Early results have been impressive. Tiscali UK began allowing
advertisers on its 25 channels to use behavioural targeting in their
campaigns in early 2007. Alex Hole, online media director at Tiscali UK,
says: "We've seen click-through rates on many of those campaigns
increase by up to 500 per cent. What is more, our users are now getting
served with ads that are more relevant to them."
There is still a great deal of confusion and scepticism surrounding
behavioural targeting. Not everyone believes it can work, few marketers
know how to make it function for large-scale online campaigns, and even
fewer have actually tried it. Yet, the potential is so great that no one
can afford to ignore it.
So why are marketers slow to jump on this particular bandwagon? A
significant factor in the slow take-up of behavioural targeting is the
general confusion about what it actually is. Jim Sterne, chairman of the
Web Analytics Association, says: "Very often, people mistake contextual
advertising for behavioural targeting. Contextual advertising is easy to
understand because we've been doing it in print for ages. If you sell
golf clubs, you'll want your ad to show up on a website all about
golfing."
TMP Worldwide recently ran a campaign for GCHQ, a government
intelligence organisation. TMP placed billboard ads inside six Xbox Live
games to encourage recent graduates with an aptitude for problem-solving
to visit the GCHQ recruitment website. Andrew Wilkinson, chief executive
of TMP Worldwide, says: "The campaign was highly effective. Three
thousand people visited a specific landing page advertised in the game,
and it produced a great uplift in visits to the recruitment
website."
But while this may have been a successful campaign, it was not
behavioural targeting in the purest sense. It was targeting by context.
Sterne goes on to define behavioural targeting: "This is showing your ad
for golf vacations to people who have exhibited a specific interest in
the topic over time. It's more than just reading one article about one
faraway golf course, but consistently choosing articles, typing in
searches and clicking on links that indicate a propensity toward your
offer."
There are two ways of applying this principle online.
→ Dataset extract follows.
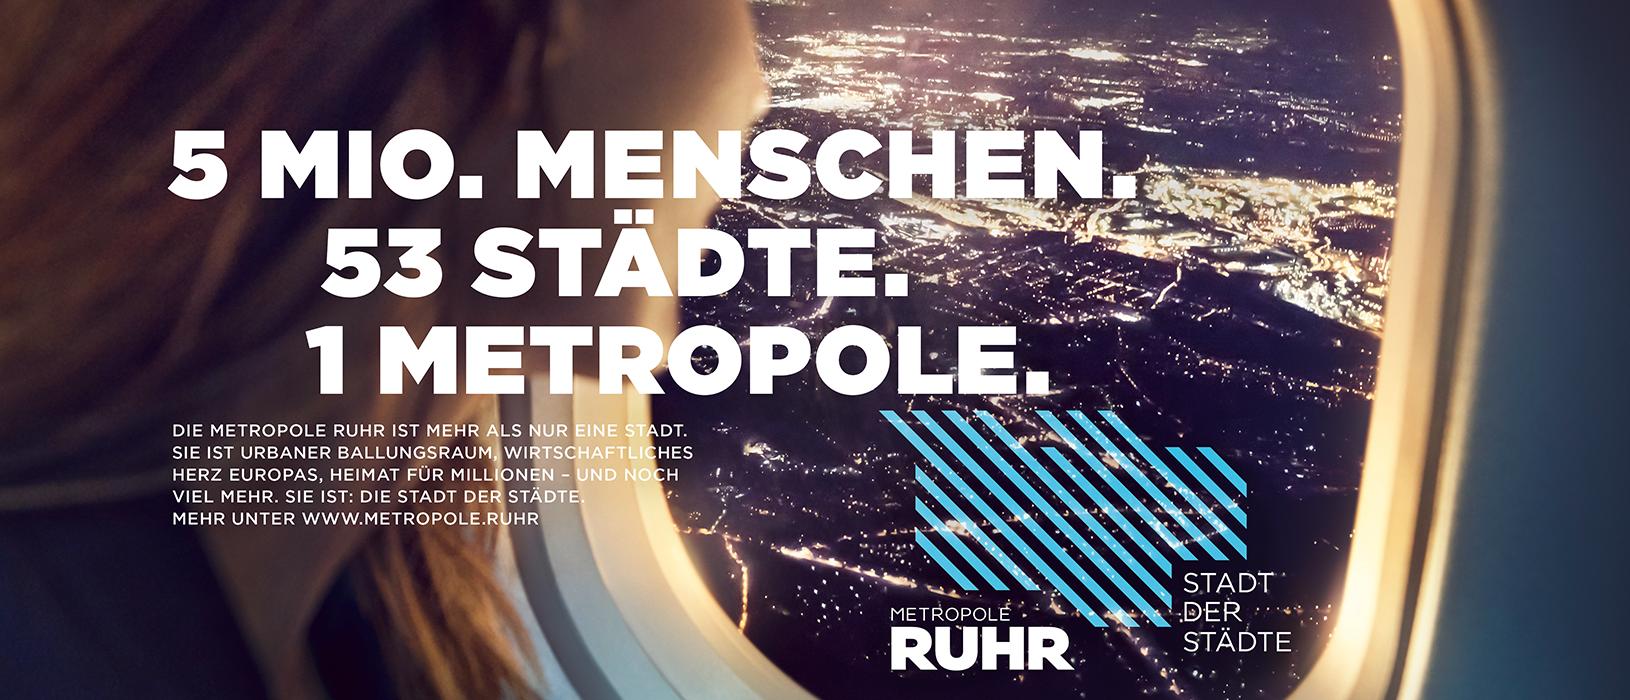 5 Mio. Menschen. 53 Städte. 1 Metropole. Metropole Ruhr – Stadt der Städte
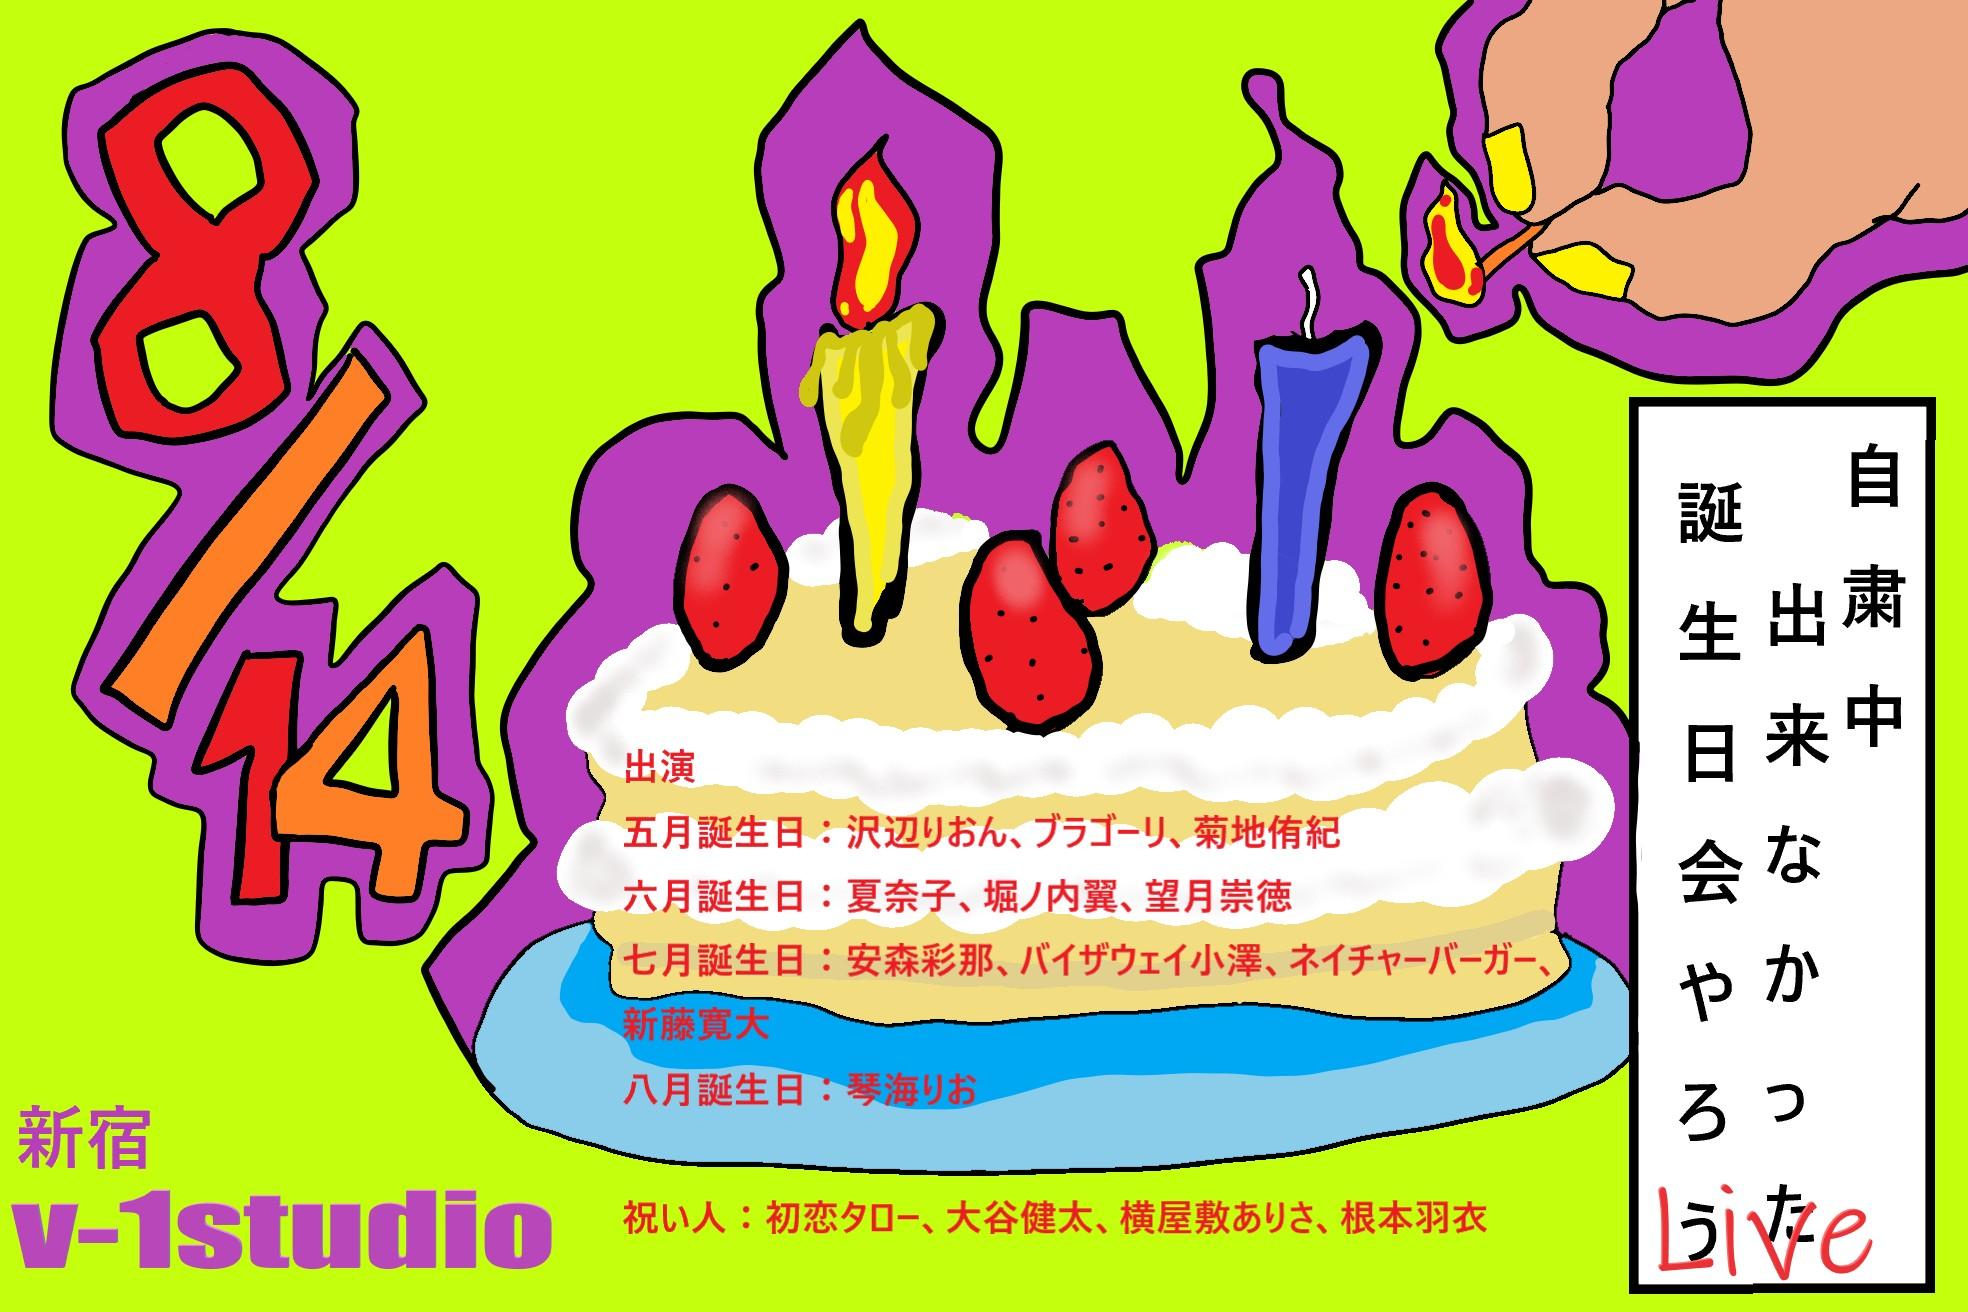 【劇場】8月14日 4〜8月の方の誕生日会ライブ

First, you can use
business rules. For example, if a user clicks on a certain number of
articles that are tagged with the appropriate keywords, then they get an
ad associated with the subject matter. Second, you can use collaborative
filtering, which is where you predict the ads a consumer will want to
see, based on their past behaviour and the stated preferences of other
people who have exhibited the same behaviour.
For most, however, the greatest obstacles to running this type of
campaign are practical. Louis Fernandes, account director at online
marketing agency Acxiom Digital, says: "There have been very few
examples of online ad campaigns using behavioural targeting. Generally,
this is down to how organisations plan to use data in the context of the
campaigns that they run, how they collect this data, how they process it
and finally how they store it. The sheer volume of data available is
outstripping the processing capabilities available to most
organisations."
Ray Welsh, sales and marketing director at digital marketing agency
Mailtrack, agrees that finding meaning in a large volume of click-stream
data and altering the next communication based on that knowledge is very
daunting for many marketers.
However, he says: "This process isn't actually half as complex and
expensive as most people think it is. The CRM functionality needed to
gather, store and analyse behavioural information is no longer only
found in high-end systems."
Yet, marketers are not rushing to try it. Kit Desai, country manager of
online advertising provider Adtech, part of AOL, says: "In my
experience, usage is small and selective and not large scale. Clients
are trialling it and slowly building traction."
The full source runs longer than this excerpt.